AVAILABLE DATA
-- Opening Marker --
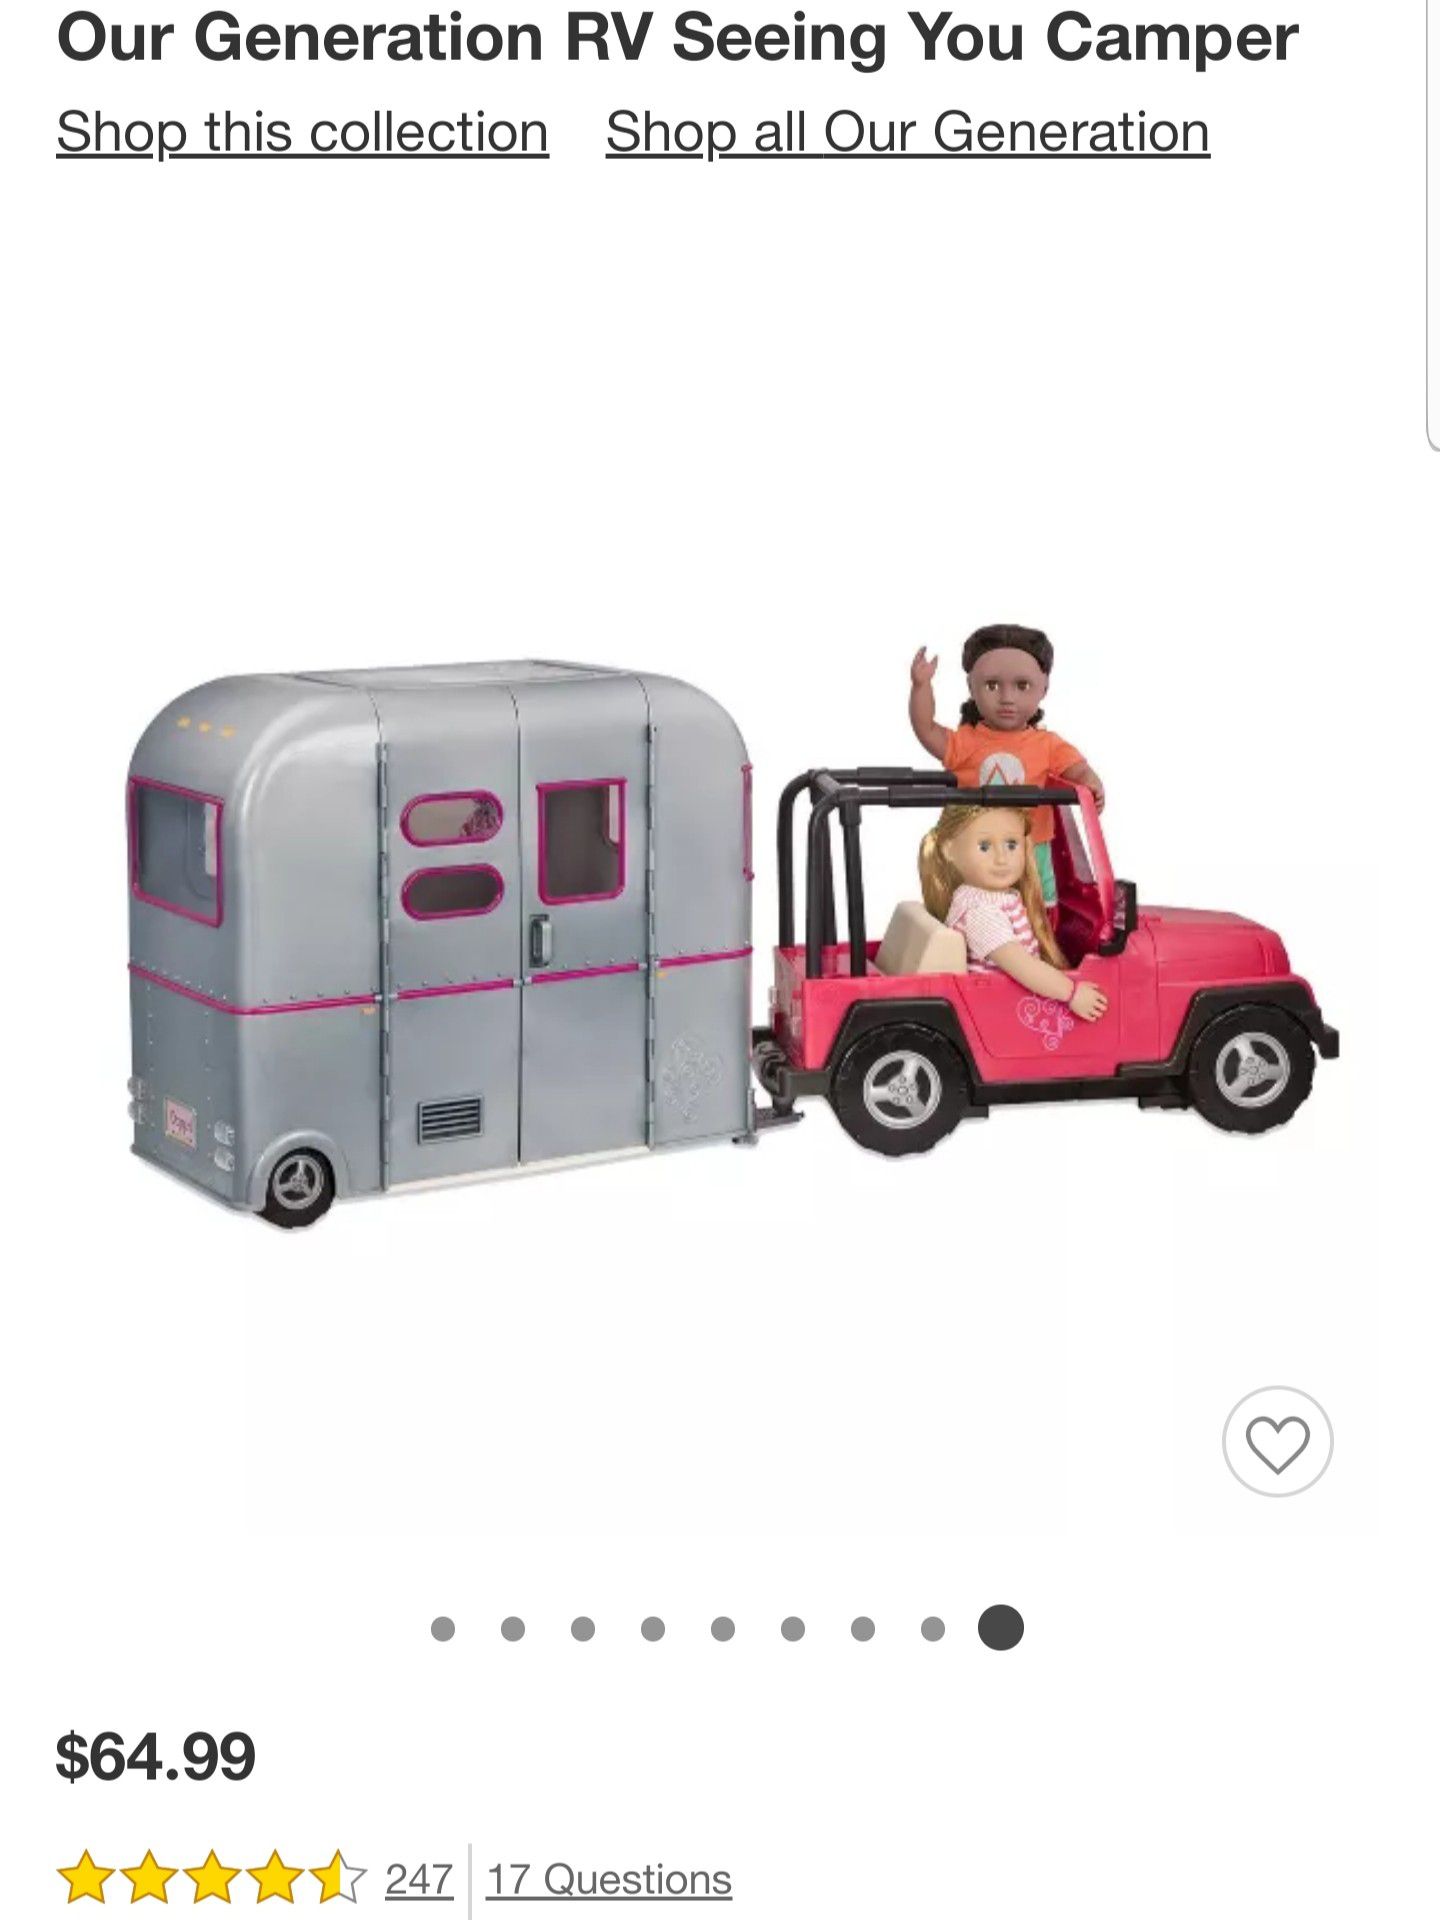 Our Generation RV Seeing You Camper - Jeep sold separately in another post
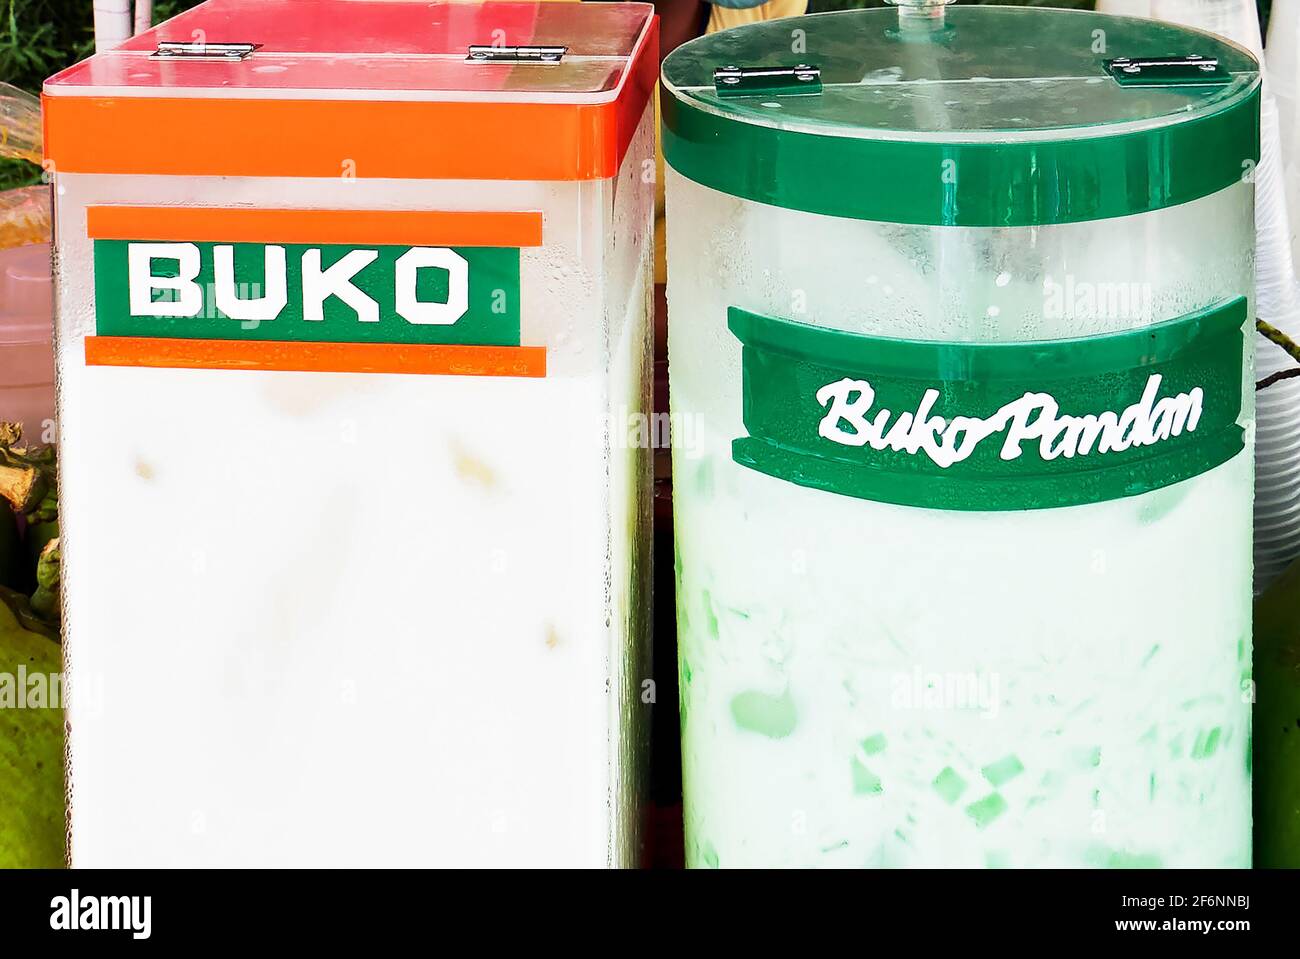 Close-up of Philippine coconut juice, called Buko juice, mixed with Pandan flavor, offered by street vendors in acrylic glass containers Stock Photo
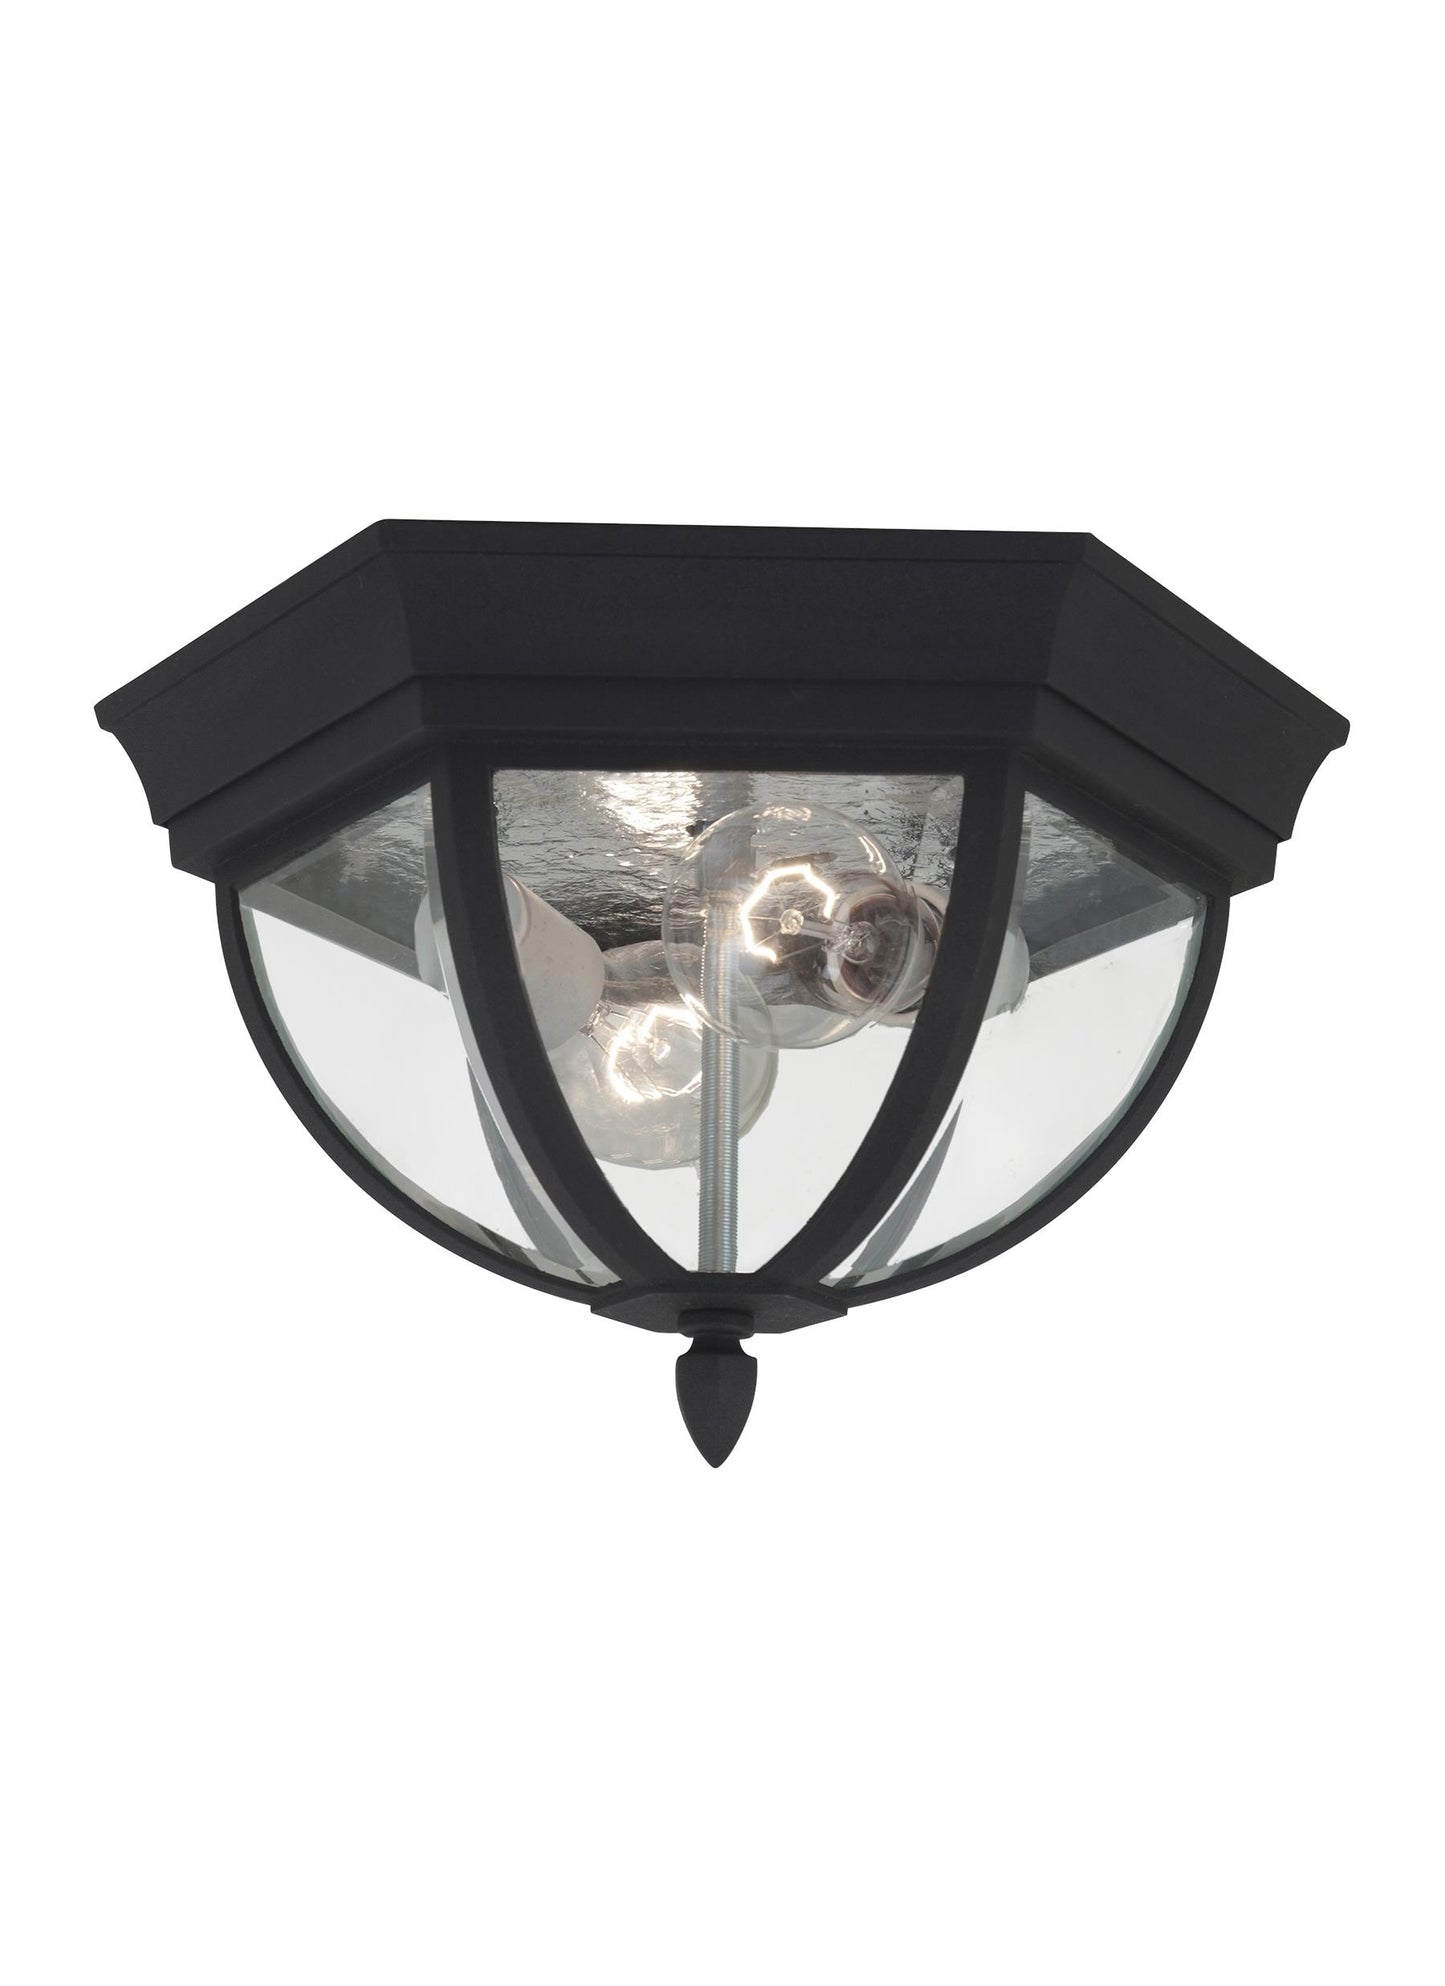 Wynfield traditional 2-light outdoor exterior ceiling ceiling flush mount in black finish with clear beveled glass panels
-- Closing Marker --
PROBLEM STATEMENT
Starting at the line that holds "Close-up of Philippine" and ending at the last line of the material above, repeat each line exactly, both ends included, and leave the pictures out.

YOUR SOLUTION
 Close-up of Philippine coconut juice, called Buko juice, mixed with Pandan flavor, offered by street vendors in acrylic glass containers Stock Photo
 Wynfield traditional 2-light outdoor exterior ceiling ceiling flush mount in black finish with clear beveled glass panels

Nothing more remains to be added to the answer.